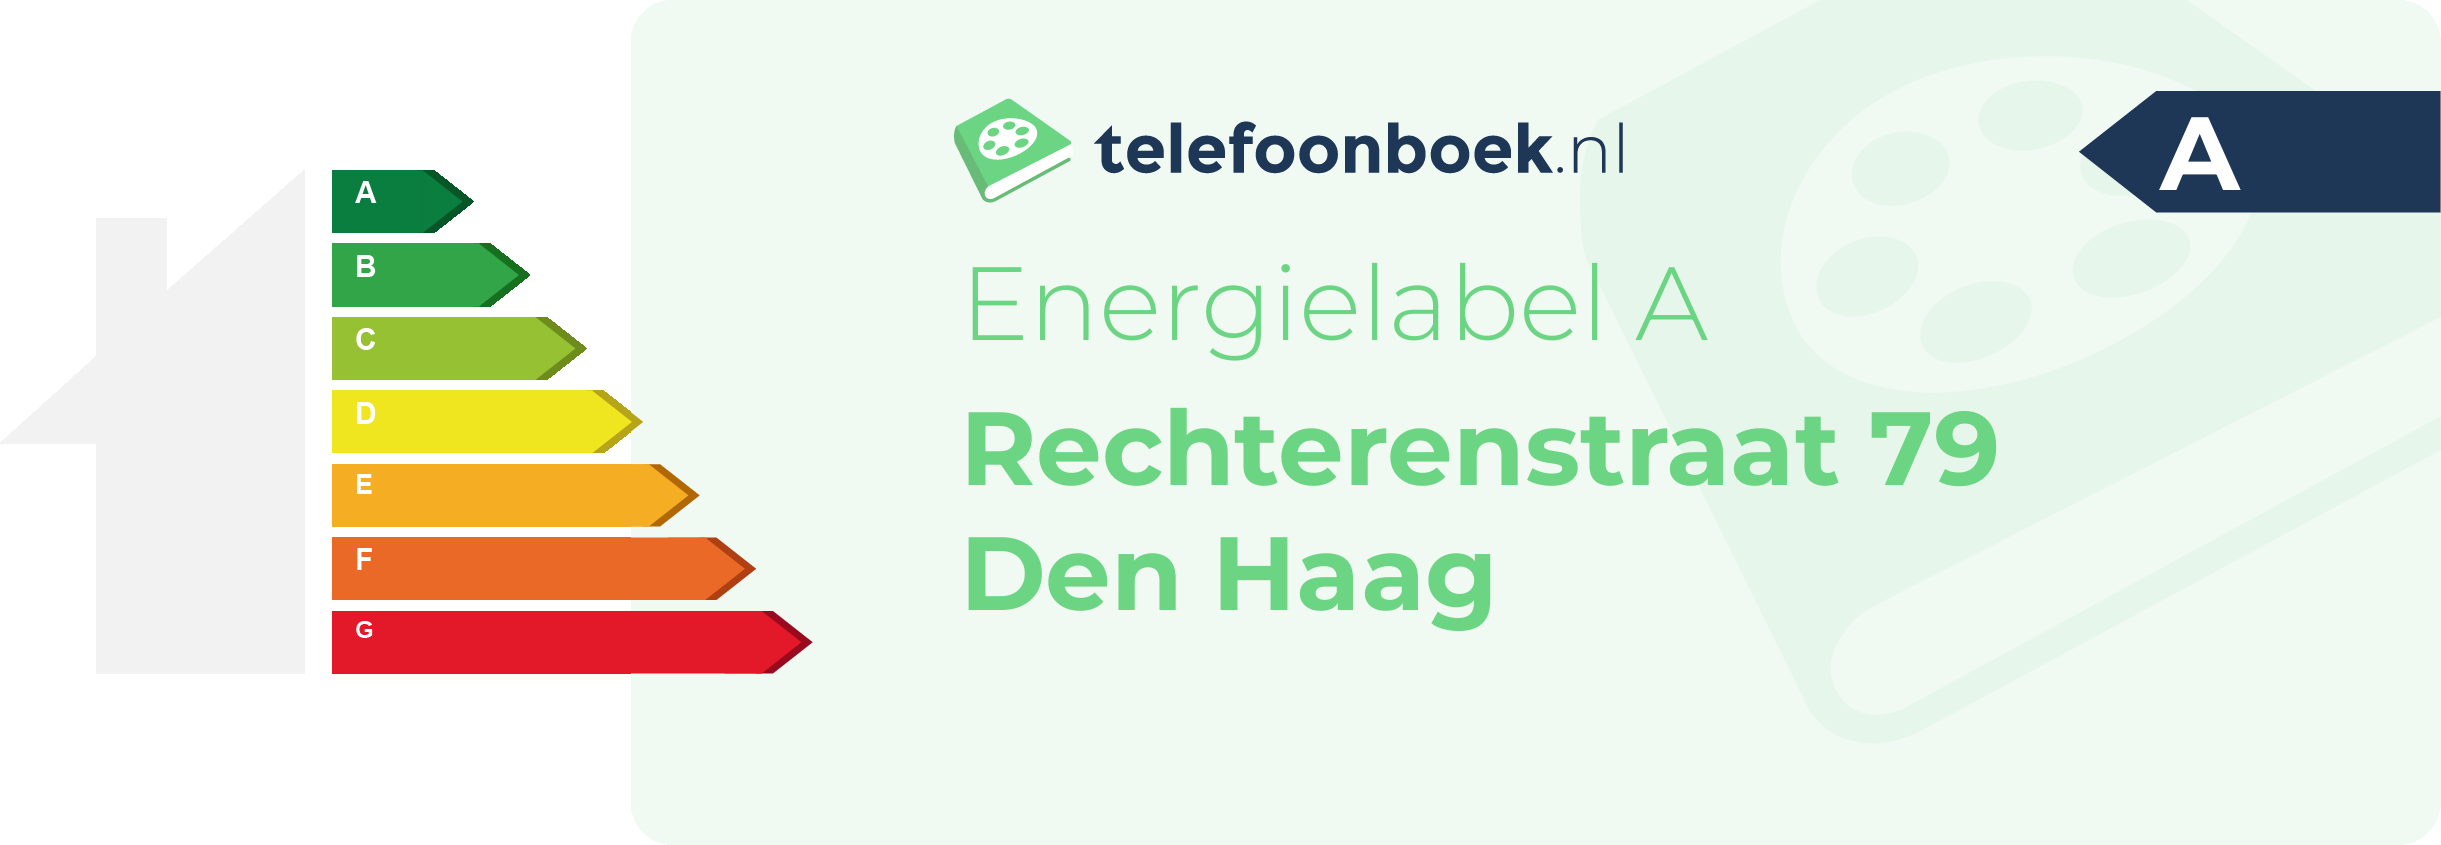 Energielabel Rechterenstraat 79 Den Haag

_ _ _

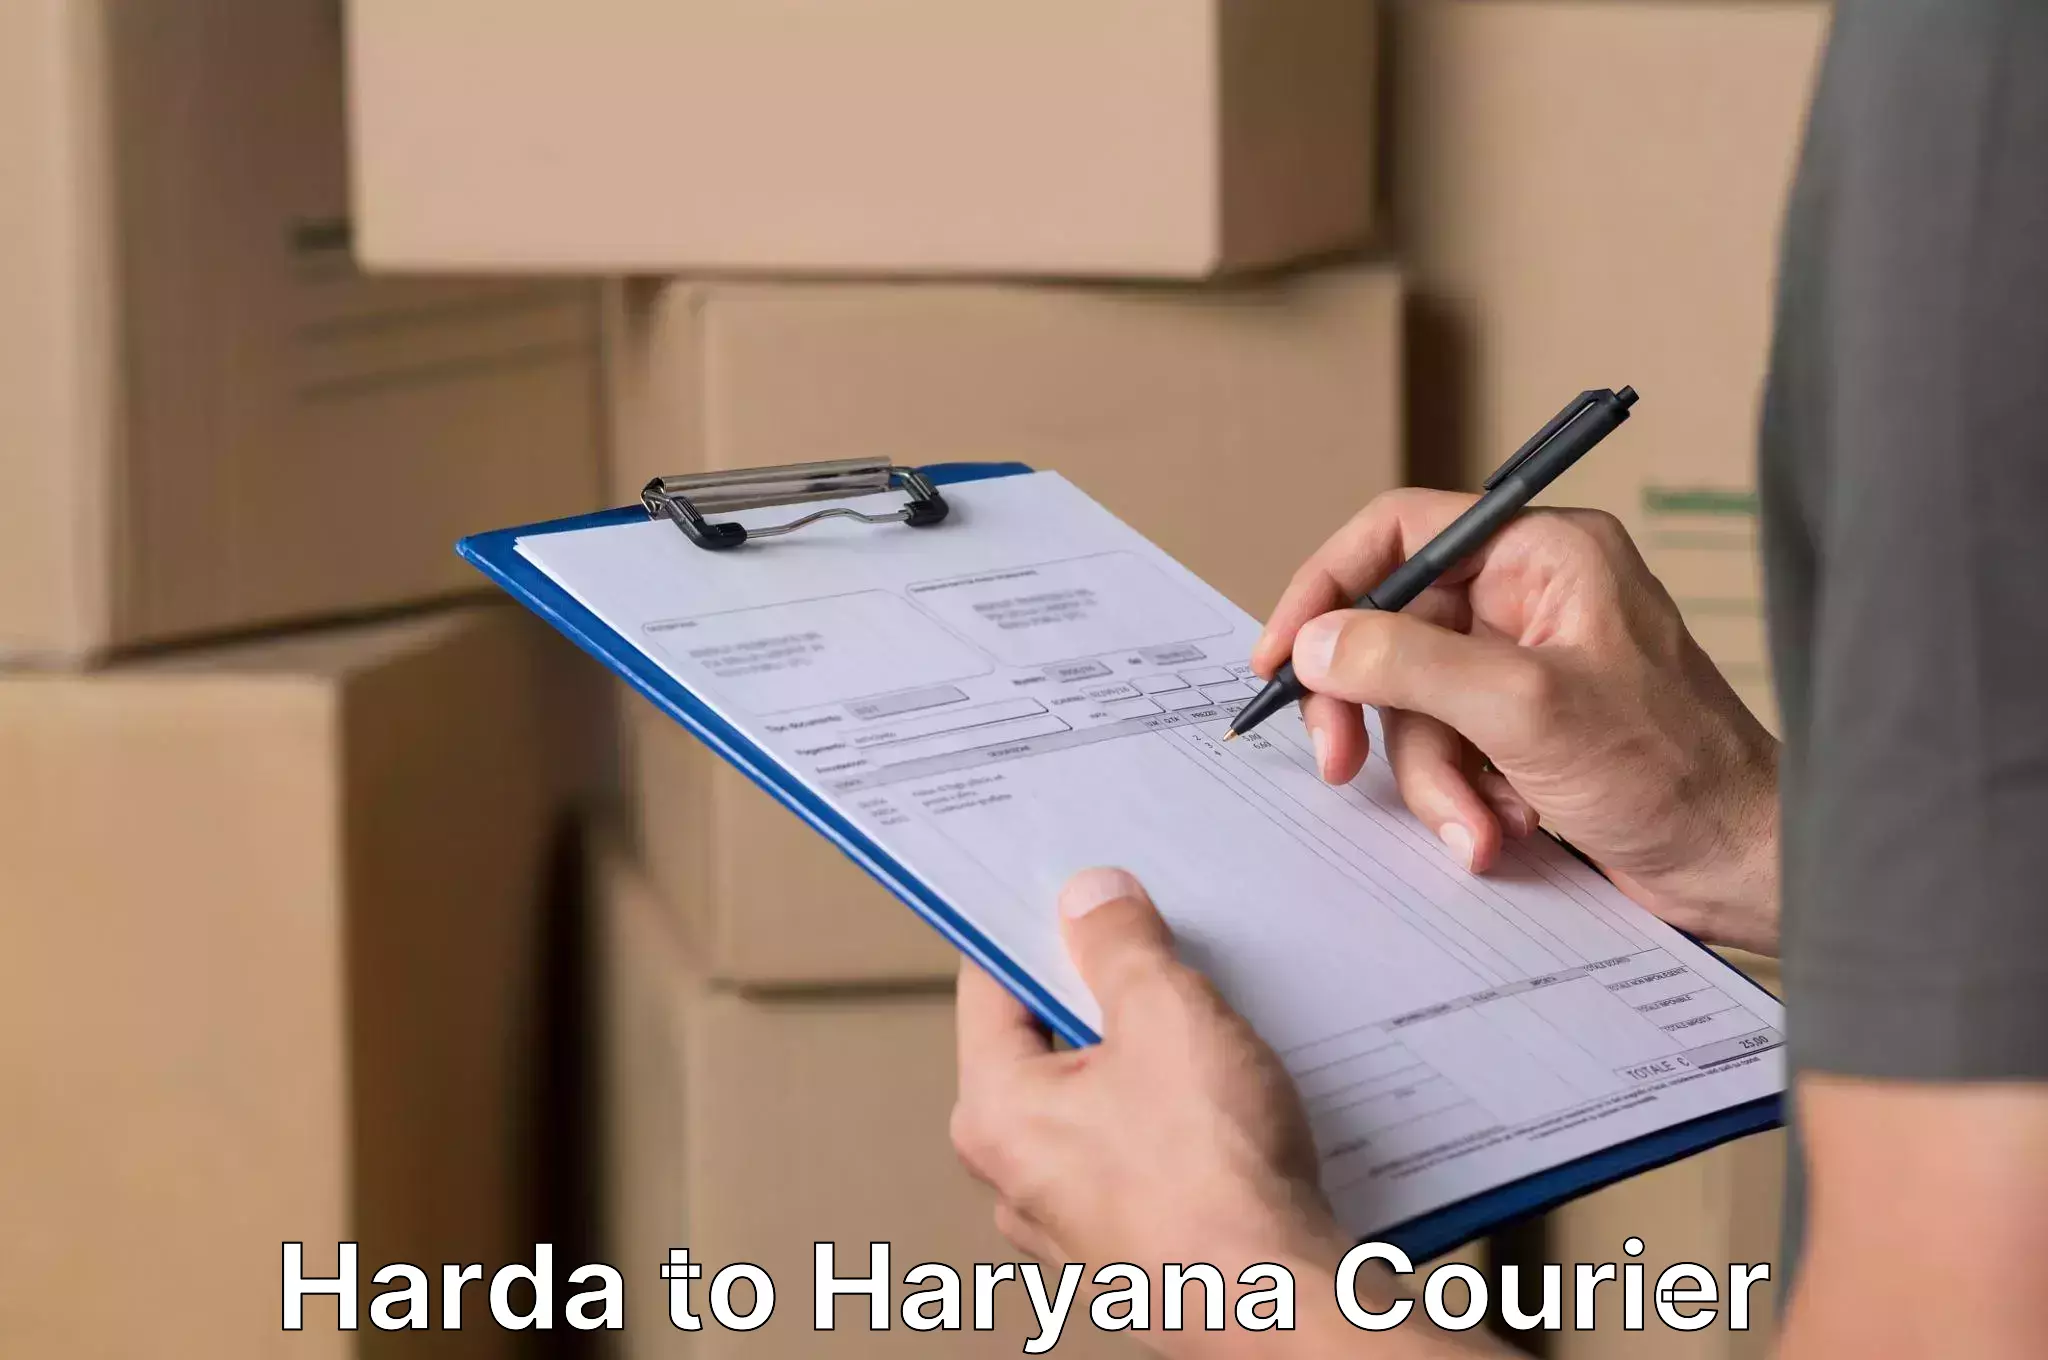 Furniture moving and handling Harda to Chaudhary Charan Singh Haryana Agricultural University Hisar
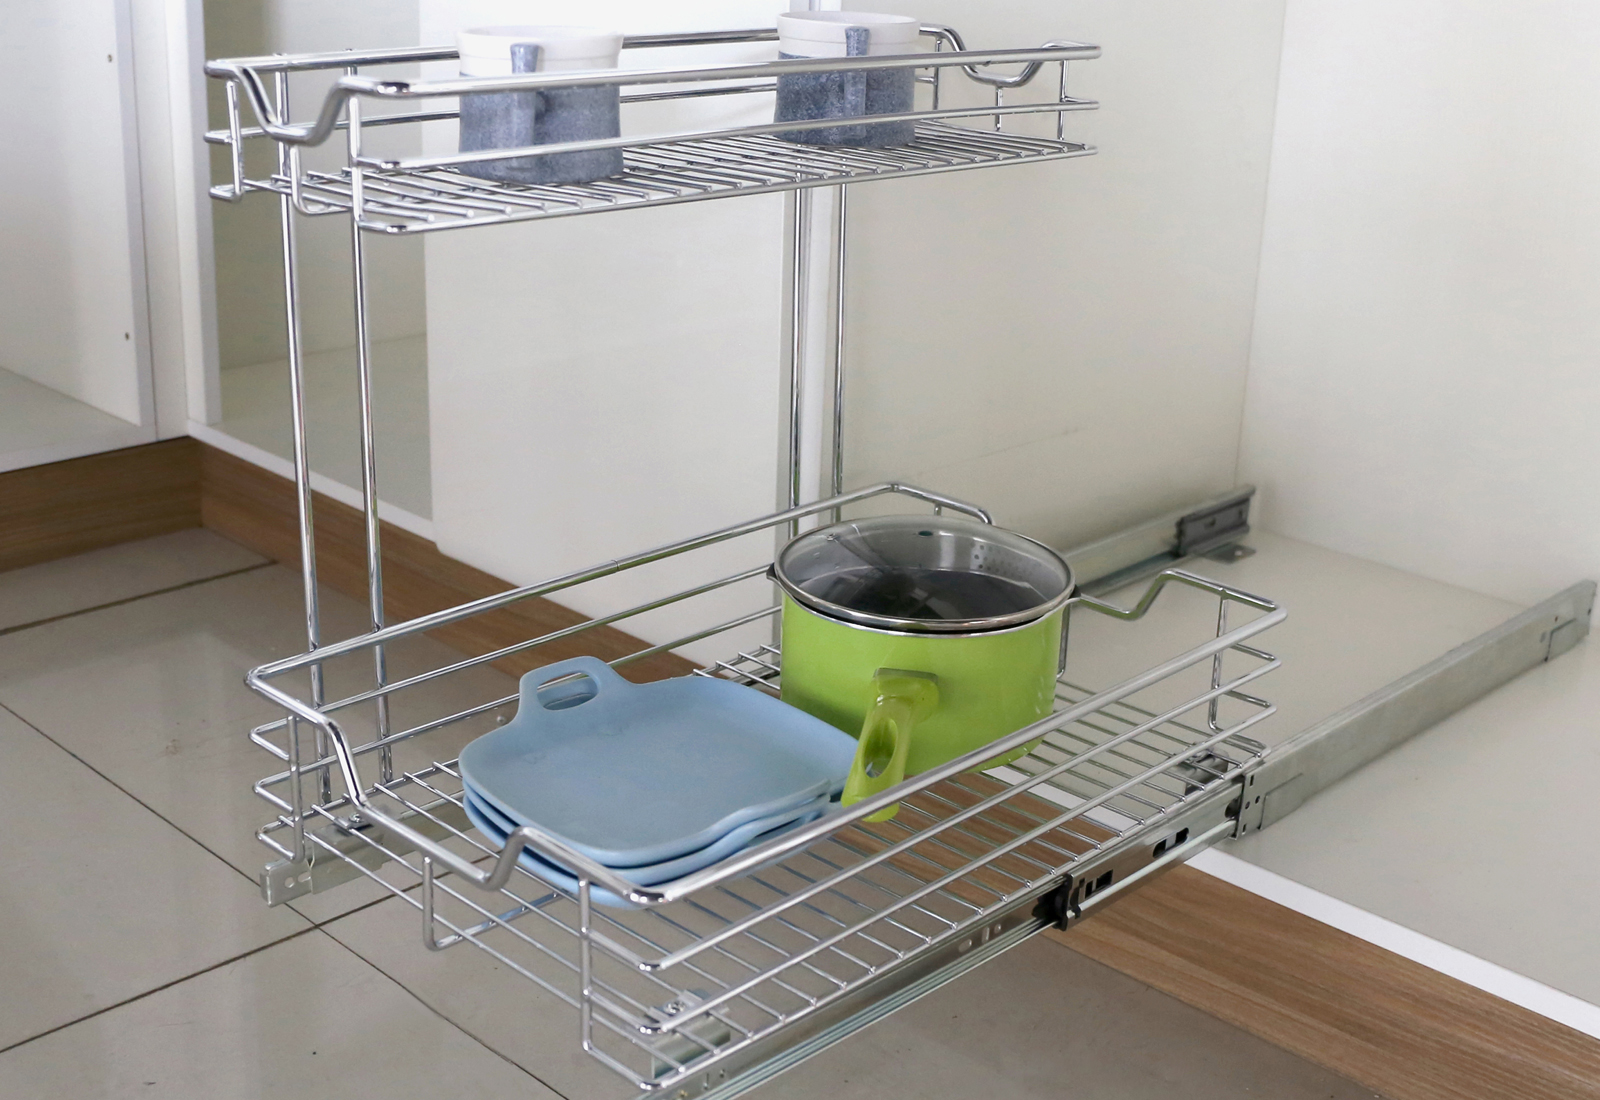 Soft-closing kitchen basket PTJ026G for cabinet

_ _ _

### [Problem details]
Exactly the lines above, from the one containing "Furniture moving and" down to the one containing "Soft-closing kitchen basket", are to be repeated, including both ends. Pictures are not part of the copy.

### [Answer to this task]
 Furniture moving and handling Harda to Chaudhary Charan Singh Haryana Agricultural University Hisar
 Soft-closing kitchen basket PTJ026G for cabinet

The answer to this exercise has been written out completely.